**WHAT IS BEING ASKED:** Except for images, print the whole listing verbatim.

**DATASET EXCERPT:**
☆ ☆ ☆
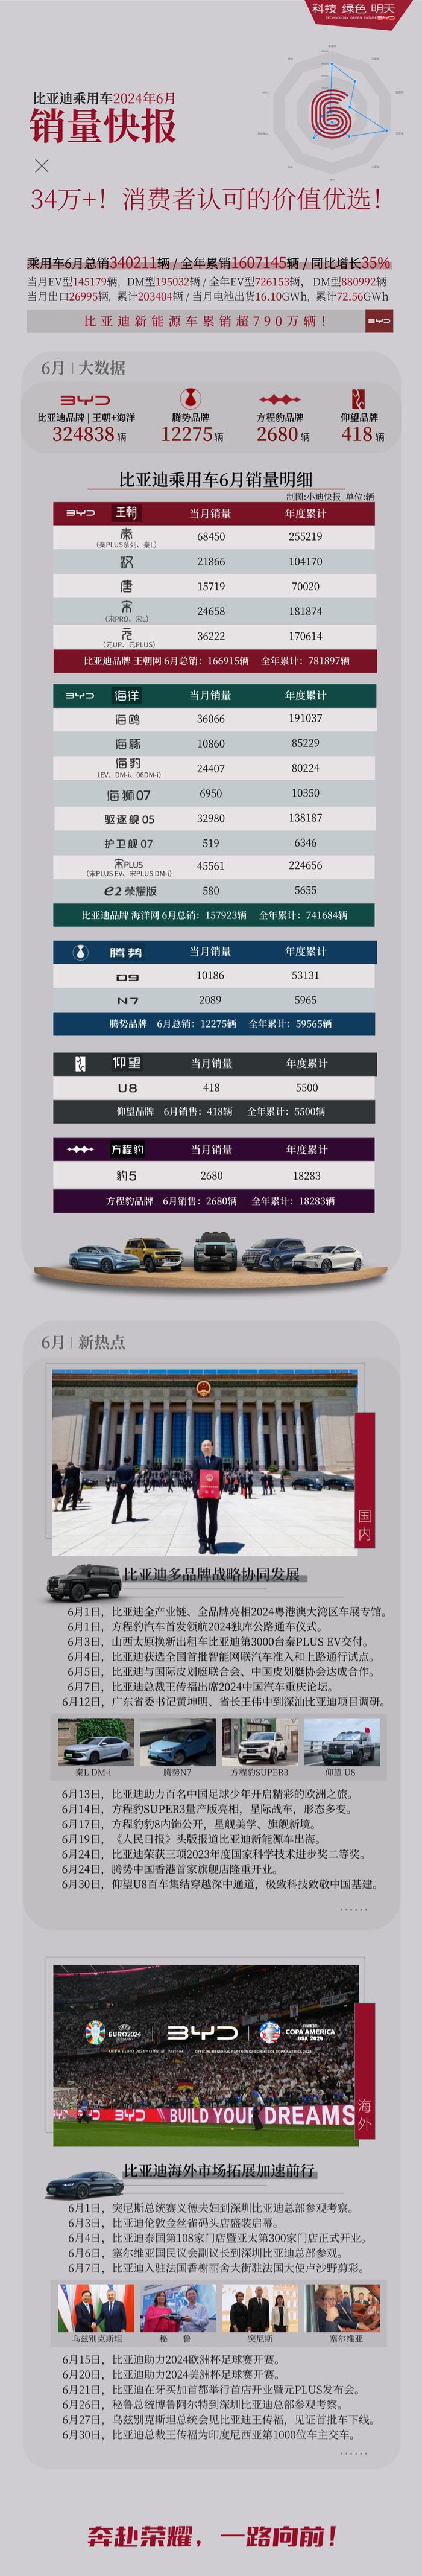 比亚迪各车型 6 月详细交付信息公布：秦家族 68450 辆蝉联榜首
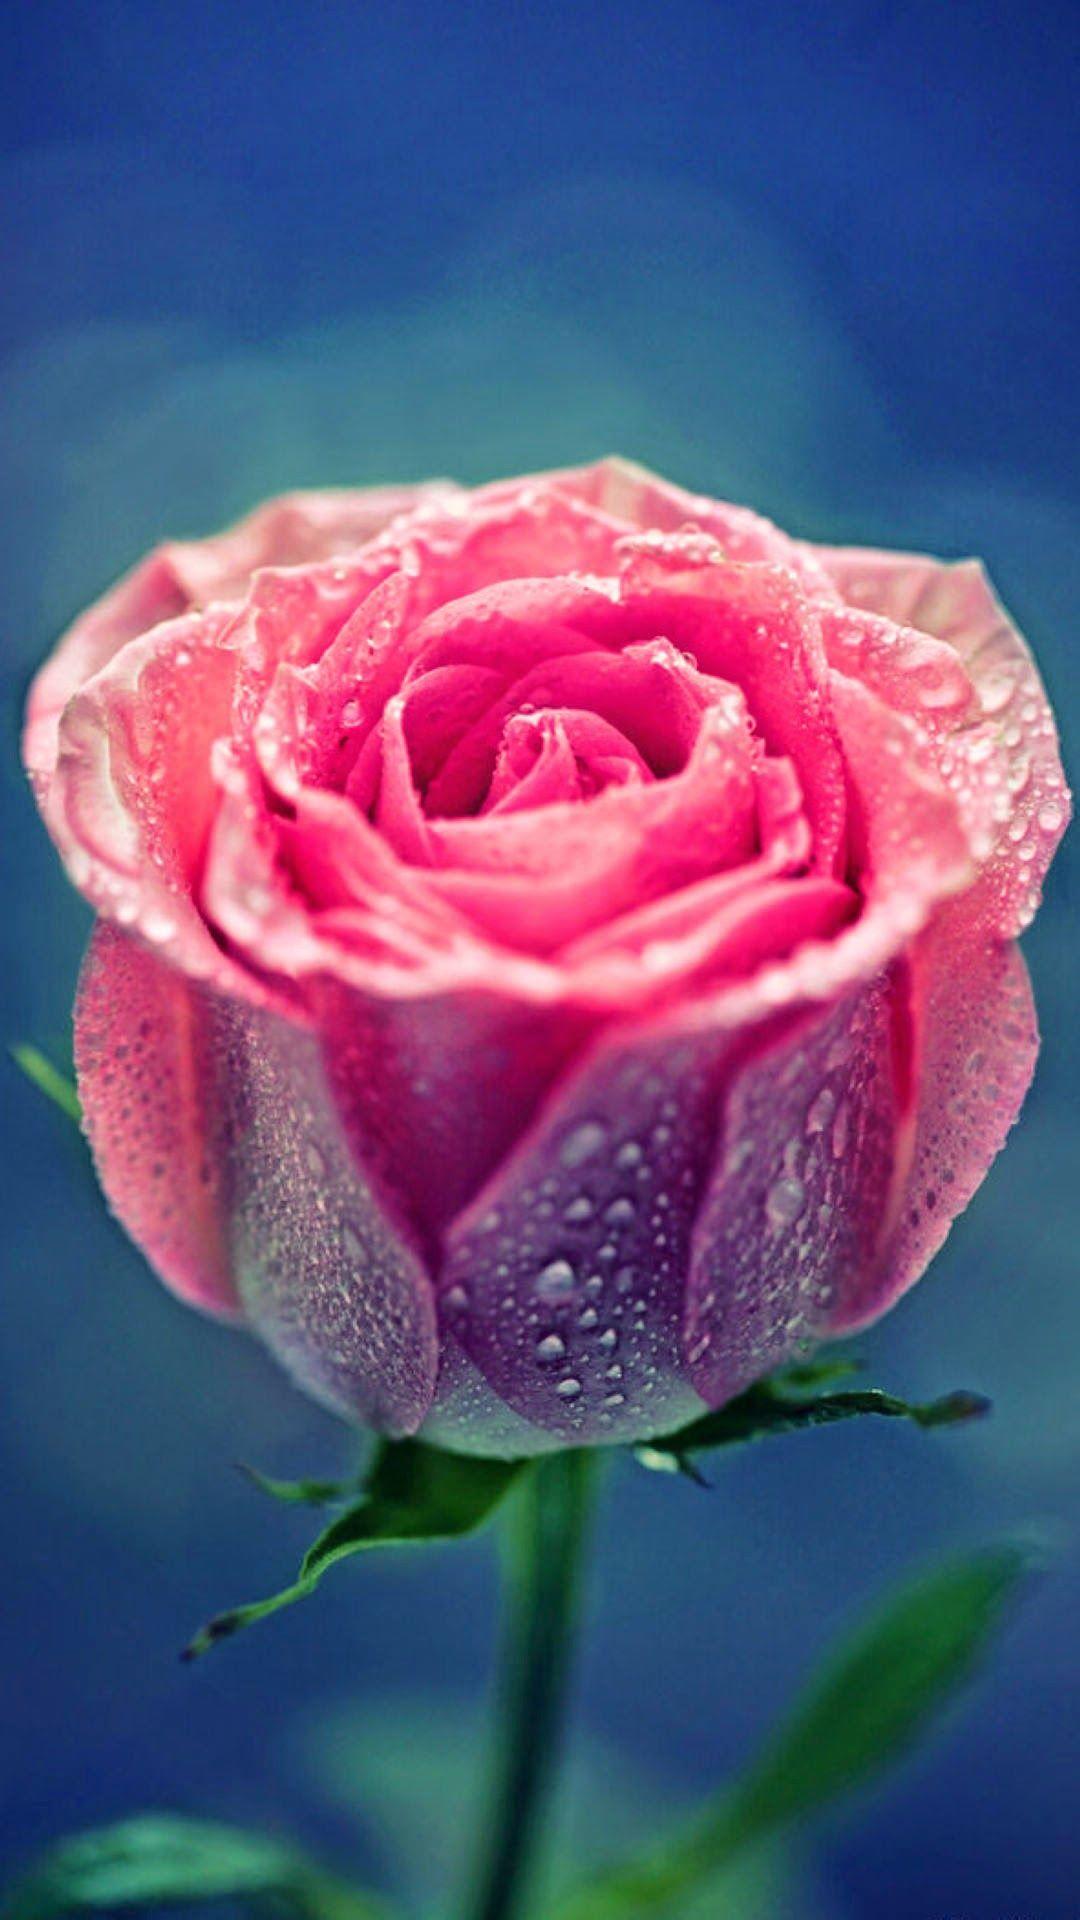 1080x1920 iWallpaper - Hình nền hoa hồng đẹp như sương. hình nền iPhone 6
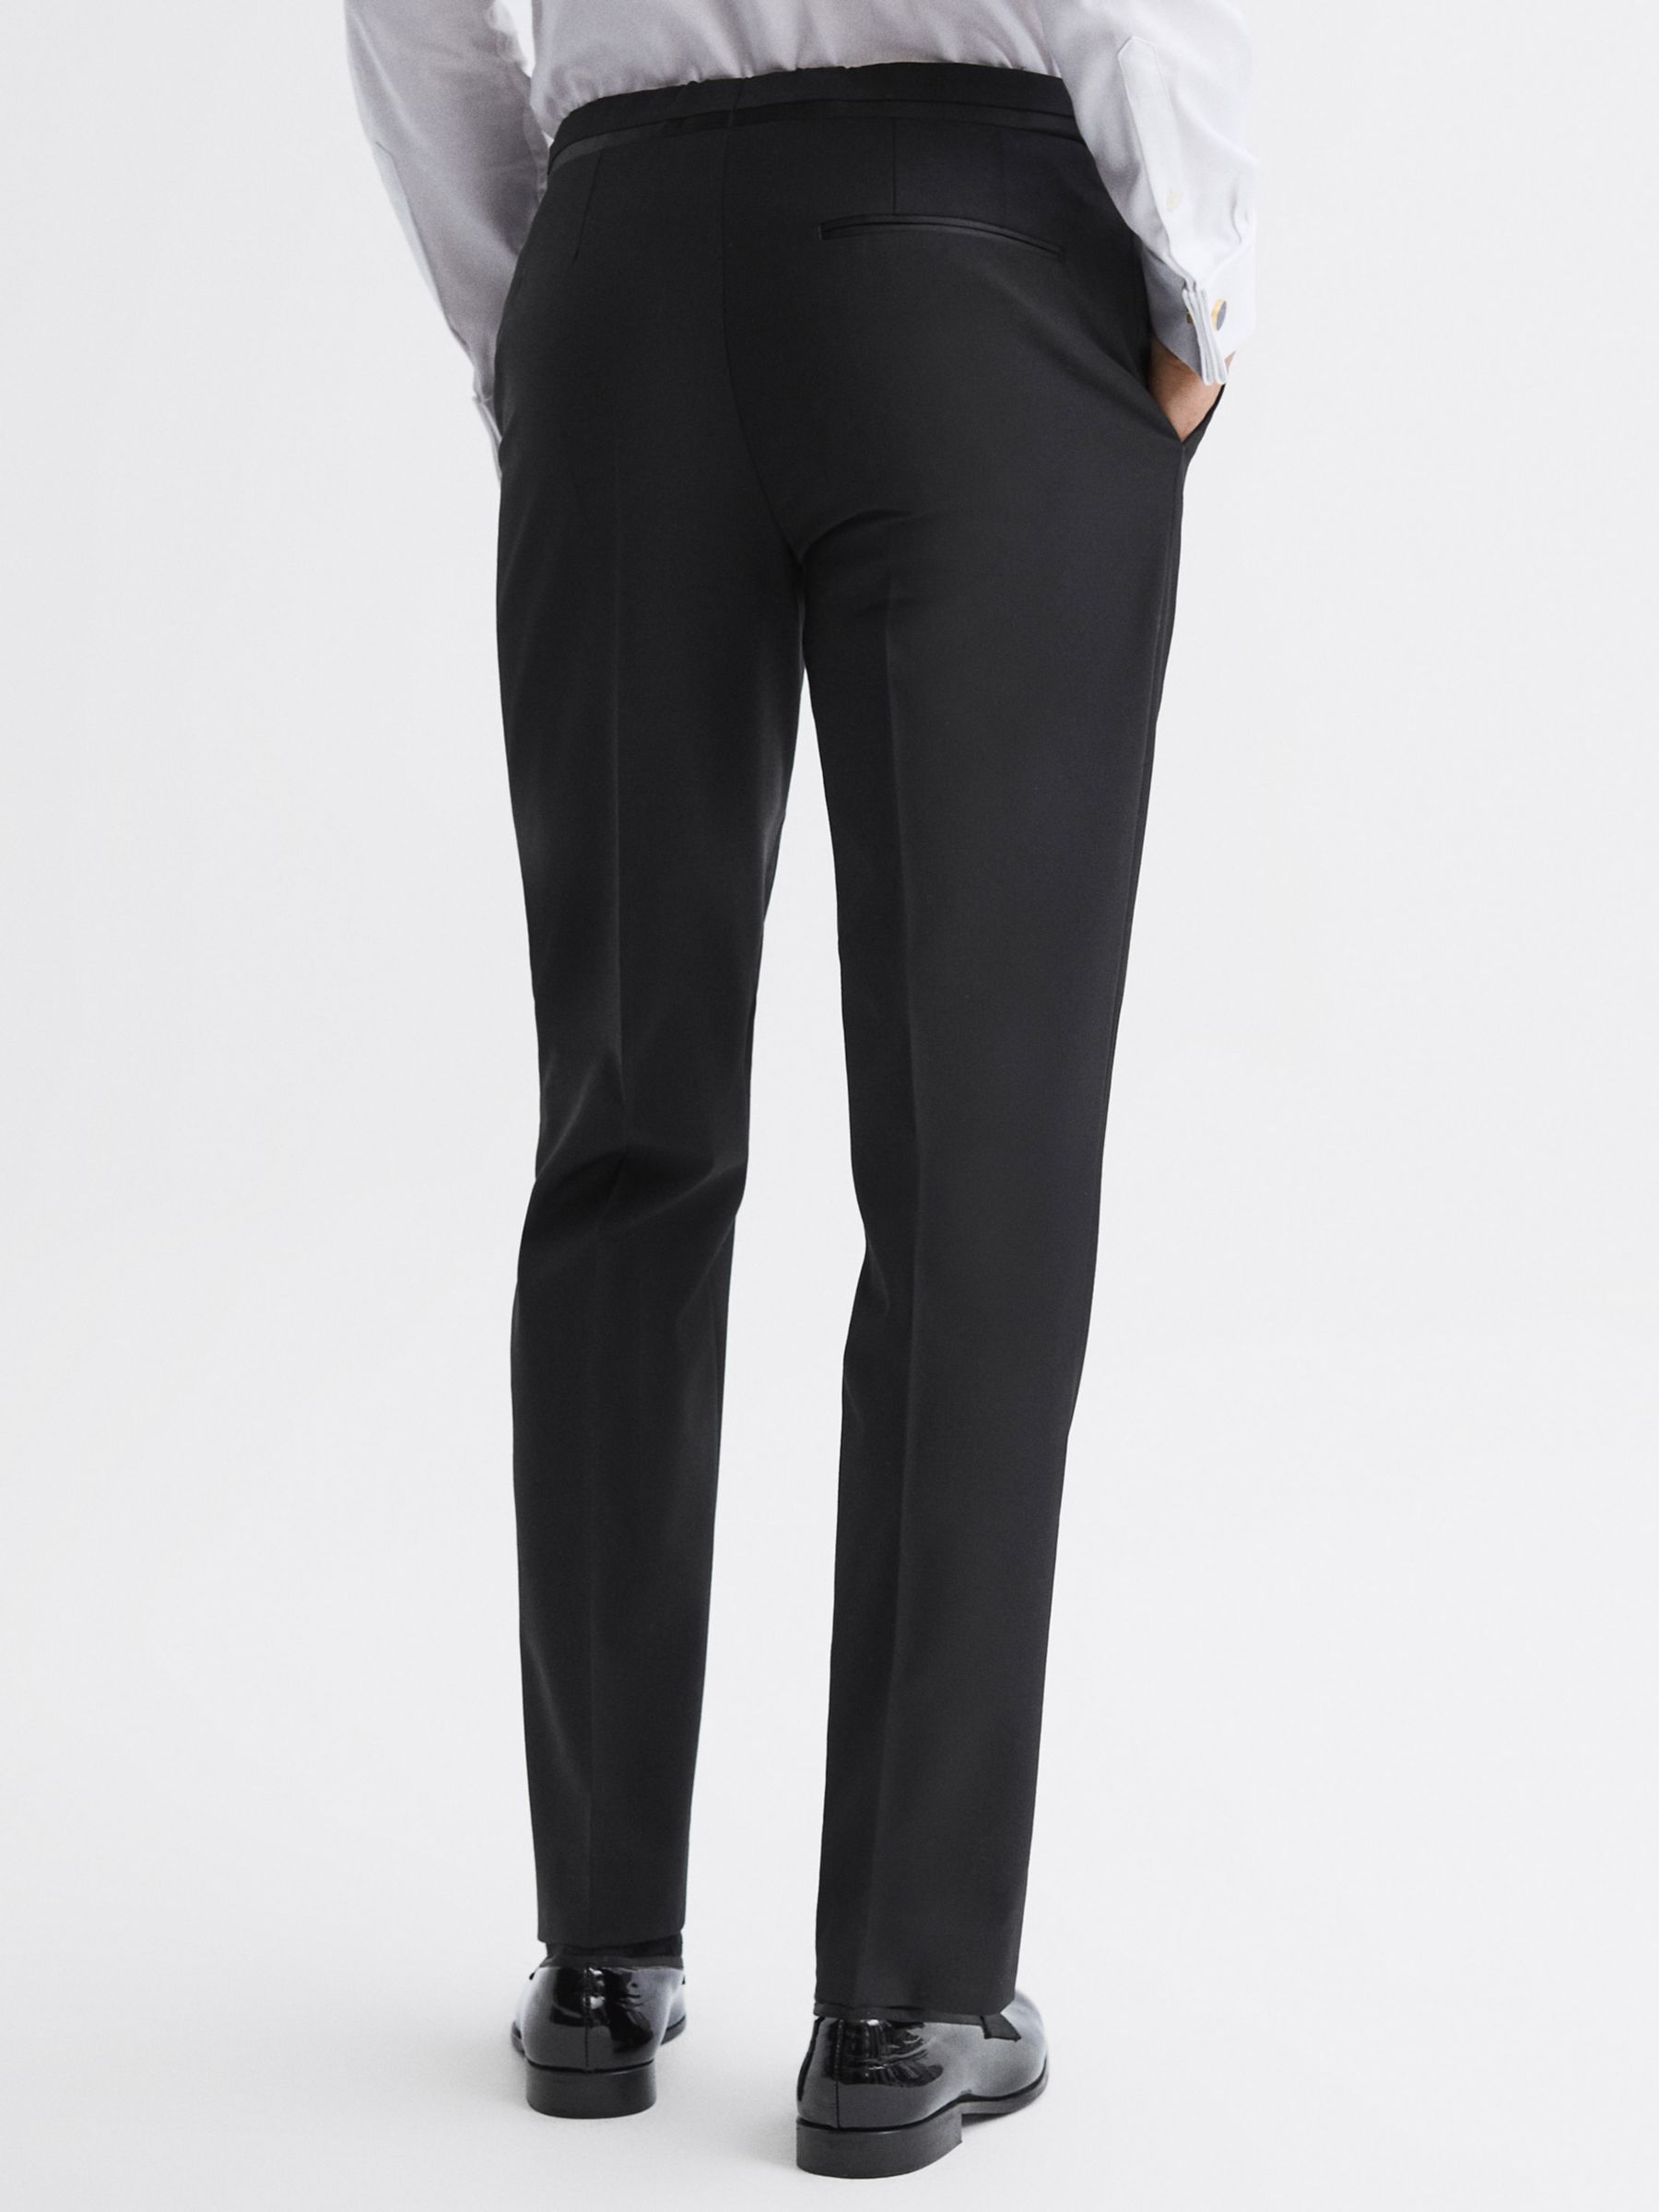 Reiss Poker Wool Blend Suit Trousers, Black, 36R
☆ ☆ ☆
**REPLY:**
 比亚迪各车型 6 月详细交付信息公布：秦家族 68450 辆蝉联榜首
 1080x1920 iWallpaper - Hình nền hoa hồng đẹp như sương. hình nền iPhone 6
 Reiss Poker Wool Blend Suit Trousers, Black, 36R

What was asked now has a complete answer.